In accordance with an exemplary embodiment as shown in the FIGURE, a hydrocarbon feedstream in line 102 comprising liquid hydrocarbons such as naphtha boiling range hydrocarbons and/or the like, for example naphtha boiling range hydrocarbons having a T5 temperature range between about 30° C. (86° F.) and about 60° C. (140° F.) and a T90 temperature range between about 60° C. (140° F.) and about 200° C. (392° F.), may be passed to the naphtha splitter column 106. In accordance with the instant embodiment as discussed, the hydrocarbon feedstream in line 102 is a naphtha stream and hence interchangeably referred to as naphtha stream in line 102. In an aspect, the naphtha stream in line 102 may be a full range naphtha stream from a FCC unit. In such an aspect, the naphtha splitter column 106 may be in downstream communication with a FCC column (not shown). The naphtha stream in line 102 may pass through a heat exchanger 104 to heat the naphtha stream by heat exchange with a heavy naphtha stream in a naphtha splitter bottoms line 110 before being fed to the naphtha splitter column 106.

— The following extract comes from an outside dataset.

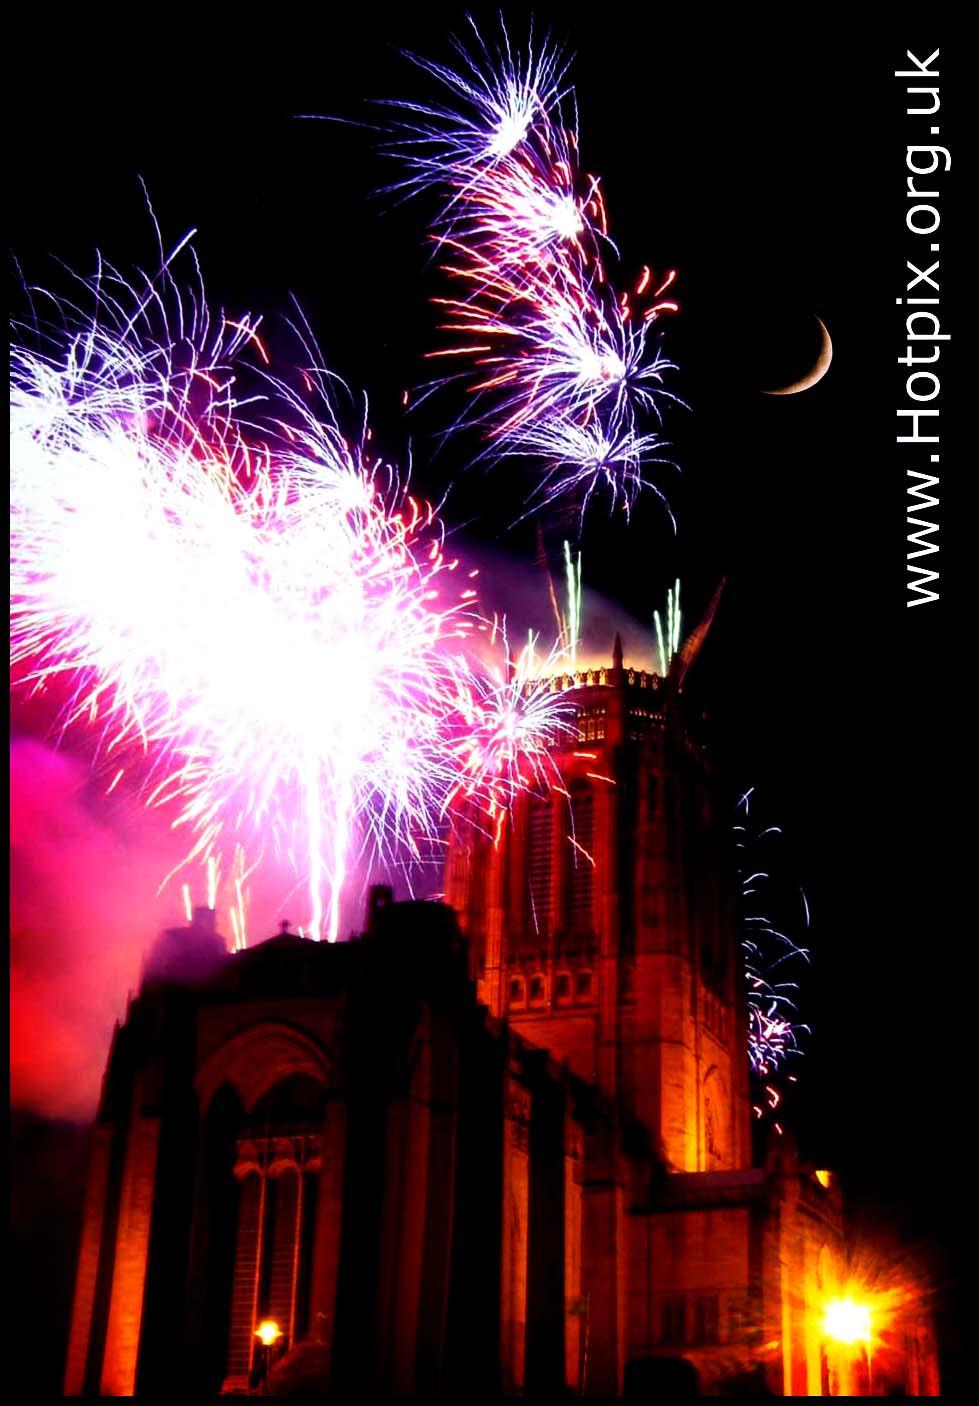 Liverpool,mersey,night,nights,shot,long,exposure,tony,smith,hotpix,tonysmith,tonysmithhotpix,light,stream,bonfire,rocket,rockets,#tonysmithotpix

During operation, the naphtha stream in line 102 may be passed to the naphtha splitter column 106 in which it is fractionated to provide a light naphtha stream in a naphtha splitter overhead line 108 and a heavy naphtha stream in an naphtha splitter bottoms line 110. In accordance with an exemplary embodiment as shown in the FIGURE, the light naphtha stream, typically a C5-C6 or a C5-C7 stream may be recovered from an overhead outlet 106a comprising the lighter outlet in the naphtha splitter overhead line 108. An overhead stream from the naphtha splitter column 106 may be condensed and separated in a receiver with a portion of the condensed liquid being refluxed back to the naphtha splitter column 106 to obtain the light naphtha stream from a net portion in the naphtha splitter overhead line 108. The heavy naphtha stream may be taken from the bottoms outlet comprising a heavy outlet 106b in the naphtha splitter bottoms line 110 typically comprising C7+ naphtha. The heavy outlet 106b may be located in the column below the lighter outlet 106a. The naphtha splitter column 106 may be operated with a top pressure of about 69 to about 448 kPa (gauge) (10 to 65 psig) and a bottom temperature of about 121° C. to about 232° C. (250° F. to 450° F.). In an aspect, the naphtha splitter column 106 may be operated at a vacuum. In accordance with an exemplary embodiment as shown in the FIGURE, the heavy naphtha stream in heavy naphtha splitter bottoms line 110 may be passed to the heat exchanger 104 for heat exchange with the naphtha stream in line 102 to cool the heavy naphtha stream before being processed in the downstream processes. As illustrated, the naphtha splitter column 106 may include a reboiler at a bottom of the column to vaporize and send a portion of the heavy naphtha stream back to the bottom of the column.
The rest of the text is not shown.